Not long after 9/11, U.S. Marshals put canvas bags on all the parking meters outside the courthouse on Federal Street in Portland.
It was for security. If a terrorist wanted to attack the building with a truck bomb, he would have to park on the other side of Pearl Street.
I asked one of the marshals back then when the parking spaces would be back in commission. He shrugged and said, “When the war’s over.”
That was nearly 20 years ago and you won’t see parking meters with bags on them these days because the meters themselves have been permanently removed. The “war” isn’t over. The “war” will never be over.
We got off easy. The loss of a few downtown parking spaces is just one of the many ways that the policies designed to fight international terrorism affect our daily lives. If you are looking for a scarier example, go 3,000 miles west to the other Portland, where federal agents in camouflage gear are beating down protesters, stuffing some into unmarked vans, taking them into custody without probable cause.
They don’t identify themselves, but we have learned that they are members of Customs and Border Patrol and other agencies in the Department of Homeland Security. Created after 9/11, the department is now the largest law enforcement organization in the country, with 60,000 officers. That means it’s no longer the Attorney General of the United States who’s the nation’s top cop – it’s some guy named Chad.
Chad Wolf is a former lobbyist whose contribution to American governance so far has been designing the family separation program that put immigrant children in cages.
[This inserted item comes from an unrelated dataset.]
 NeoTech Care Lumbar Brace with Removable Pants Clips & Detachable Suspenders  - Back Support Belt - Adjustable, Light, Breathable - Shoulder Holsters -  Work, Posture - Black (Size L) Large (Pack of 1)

He is the acting director of the agency, which means he was not confirmed by the Senate and is accountable only to his boss, President Trump.
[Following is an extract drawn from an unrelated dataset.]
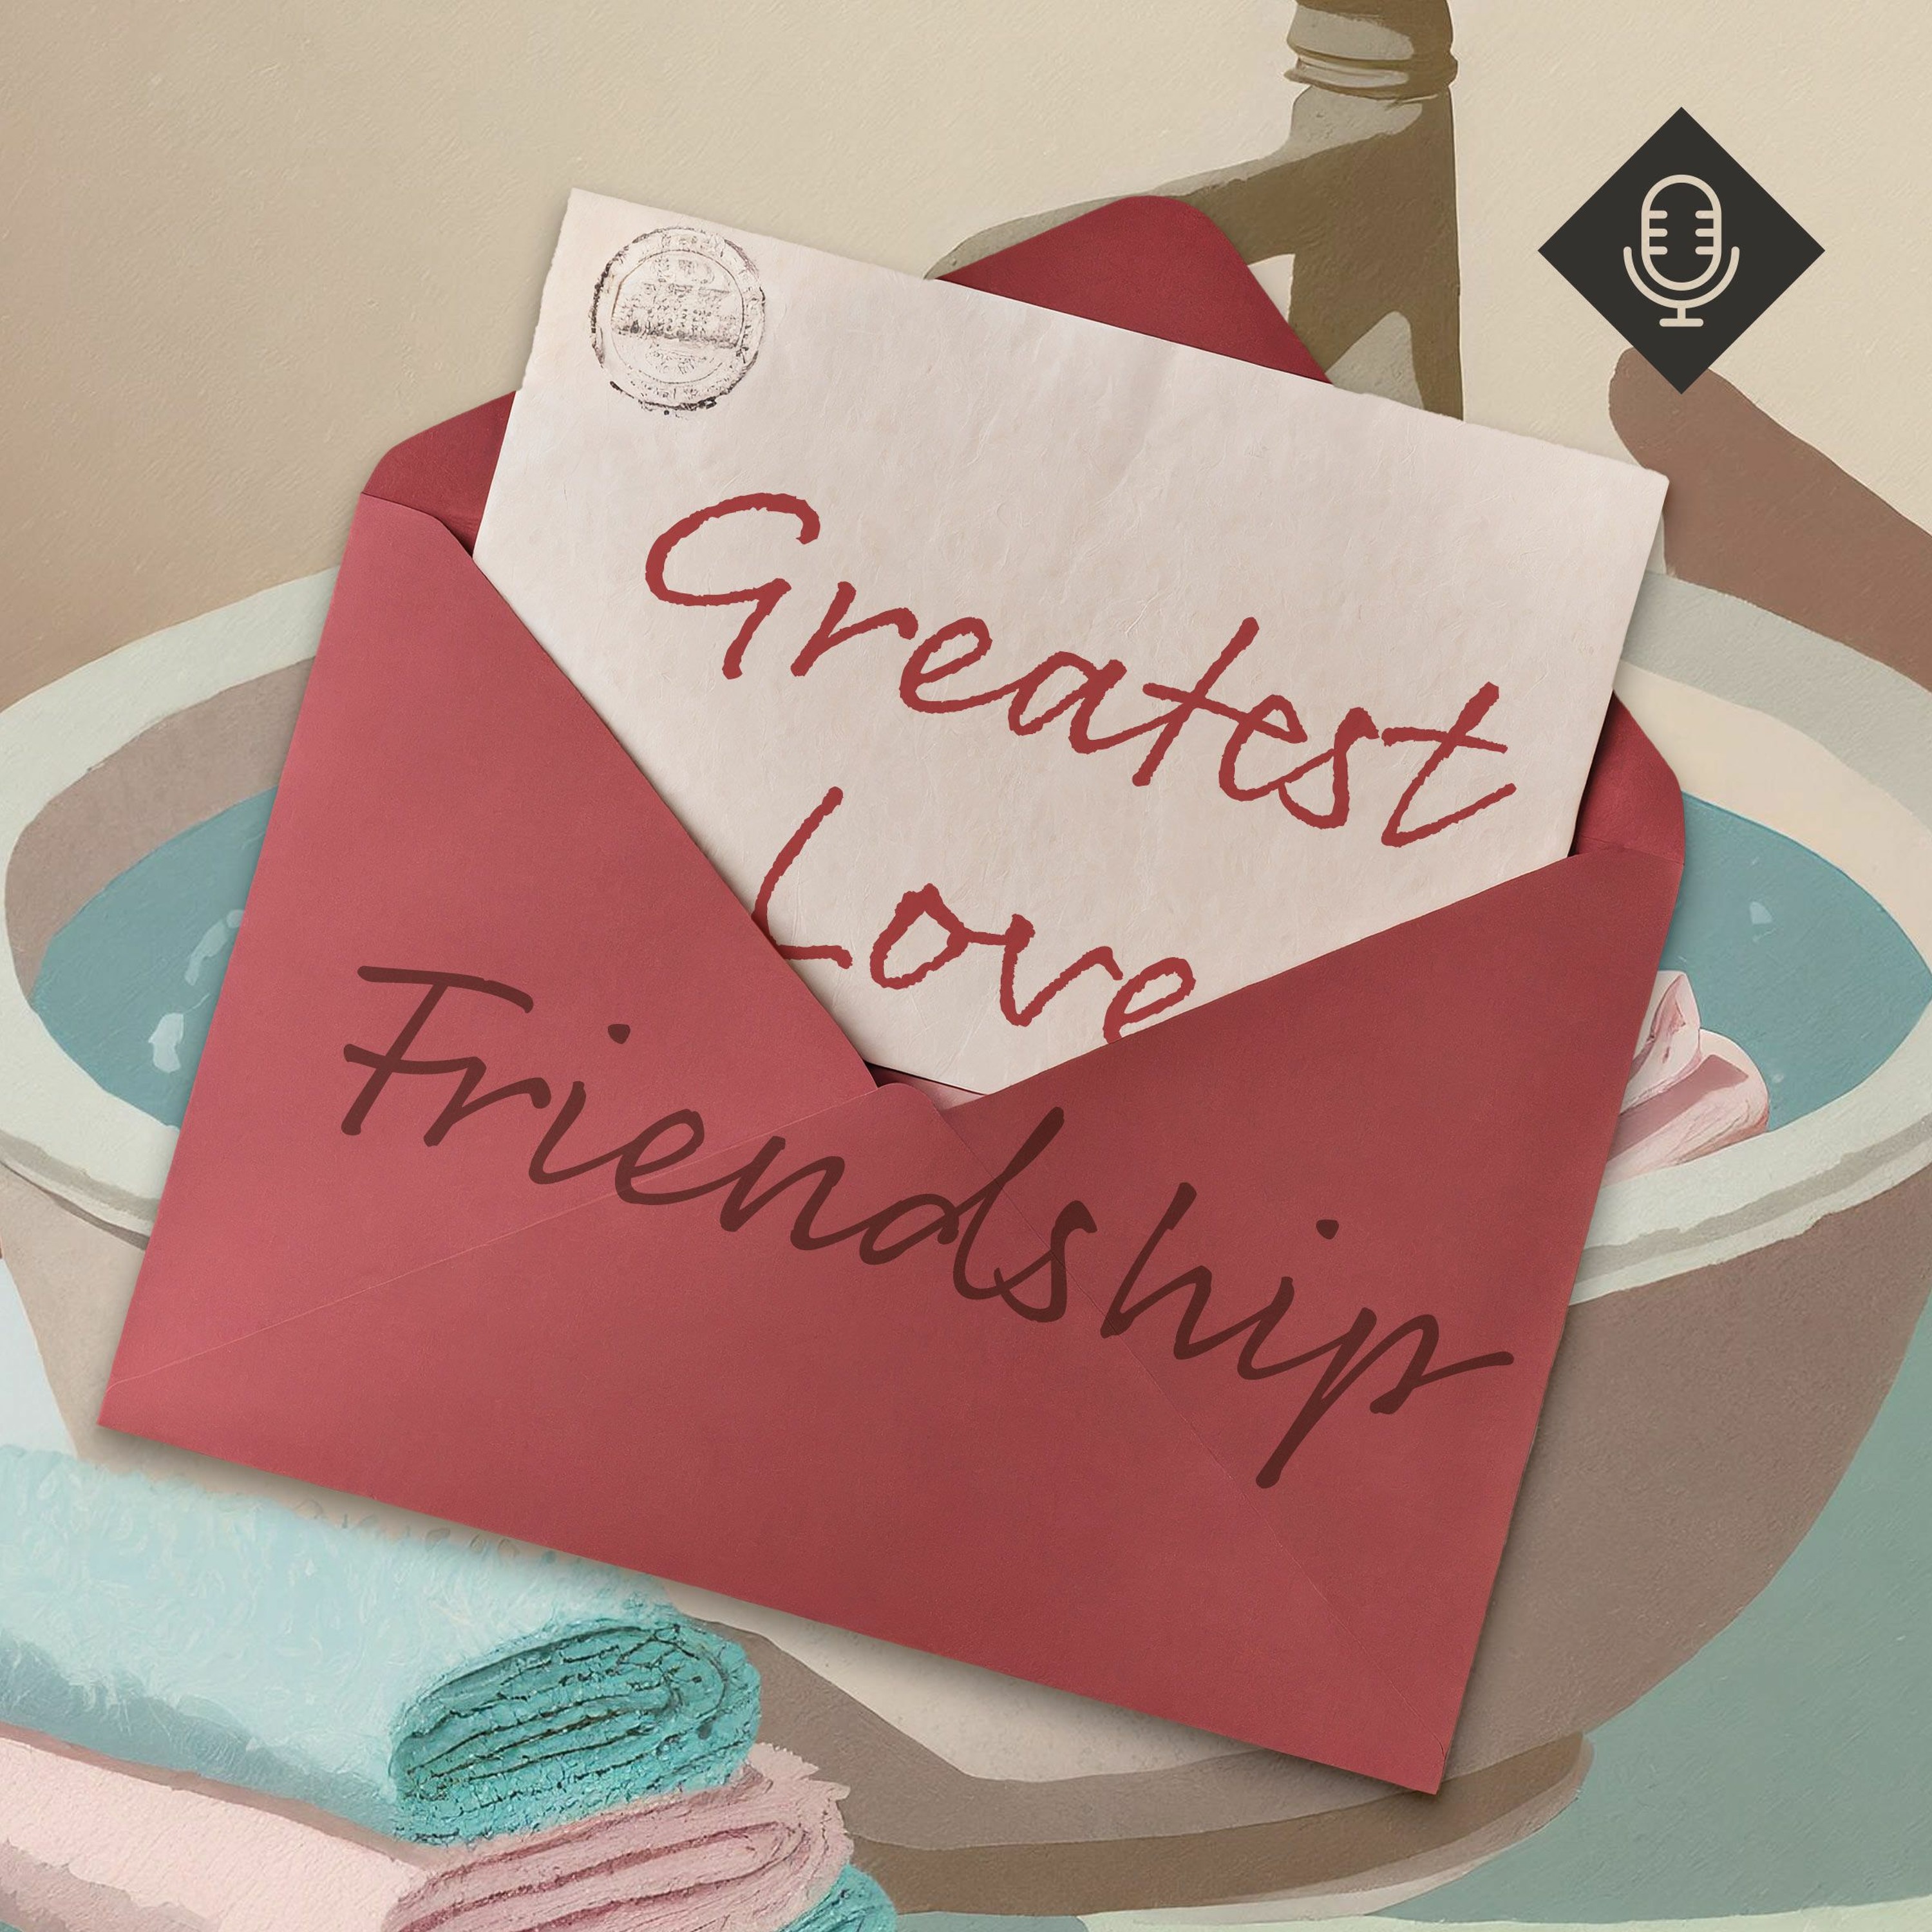 ’Friendship: The Greatest Love’ / Neil Dawson

Wolf says that the authority the agents have to come to Portland and crack heads comes from an executive order issued by Trump that protects “monuments, memorials and statues” from being desecrated. But the roots of this go back to the formation of the department after 9/11.
Back then, experts identified a lack of coordination within law enforcement as a key vulnerability, so several of these agencies were concentrated in one department with Cabinet-level leadership. The mission was to prevent terrorism in the homeland – catching terrorists before they did anything. That violates about half the amendments in the Bill of Rights, but given the circumstances, most Americans seemed to be OK with that.
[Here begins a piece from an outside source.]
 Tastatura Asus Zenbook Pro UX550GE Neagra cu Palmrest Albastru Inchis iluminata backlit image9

But now, we see that doctrine applied on the streets of Portland, Oregon – not to prevent terrorism but to prevent graffiti. Are we still OK with that?
Let’s come back to Maine. Another creature of the post-9/11 restructuring were “fusion centers,” where federal, state and local law enforcement agencies share information. Originally, this too was a tool to fight international terrorism, but we don’t get much of that around here. It didn’t take long for law enforcement in Maine to find other uses for all that fancy cop equipment.
The fusion center started by keeping track of outlaw motorcycle gangs, but according to a cache of documents stolen from a national fusion center information hub, the Maine center has been gathering information used to fight ordinary crime like low-level drug offenses. And as alleged in a whistleblower’s lawsuit, the center takes pictures of people gathered at lawful demonstrations – everything from gun-owners’ rights rallies to Black Lives Matter protests. Public Safety Commissioner Michael Sauschuck has acknowledged that the fusion center uses facial recognition scanners to identify people in photos, but would not say under what circumstances.
Sauschuck did tell legislators that the unit monitors the social media accounts of people who have not been accused of any crime, looking for information about future events.
This may not be as bad as secret police attacking civilians the way they have been in Oregon, but it comes from the same post-9/11 idea about security – that you spread a wide surveillance net and use intelligence to stop the bad guys before they act.
Civil libertarians predicted that these terrorism-fighting powers would be turned on the rest of us in time, but most people back then were so afraid of al-Qaida that they let it go.
Now, almost 20 years later, we’re like the drivers circling the federal courthouse looking for a parking space. This war is never going to be over.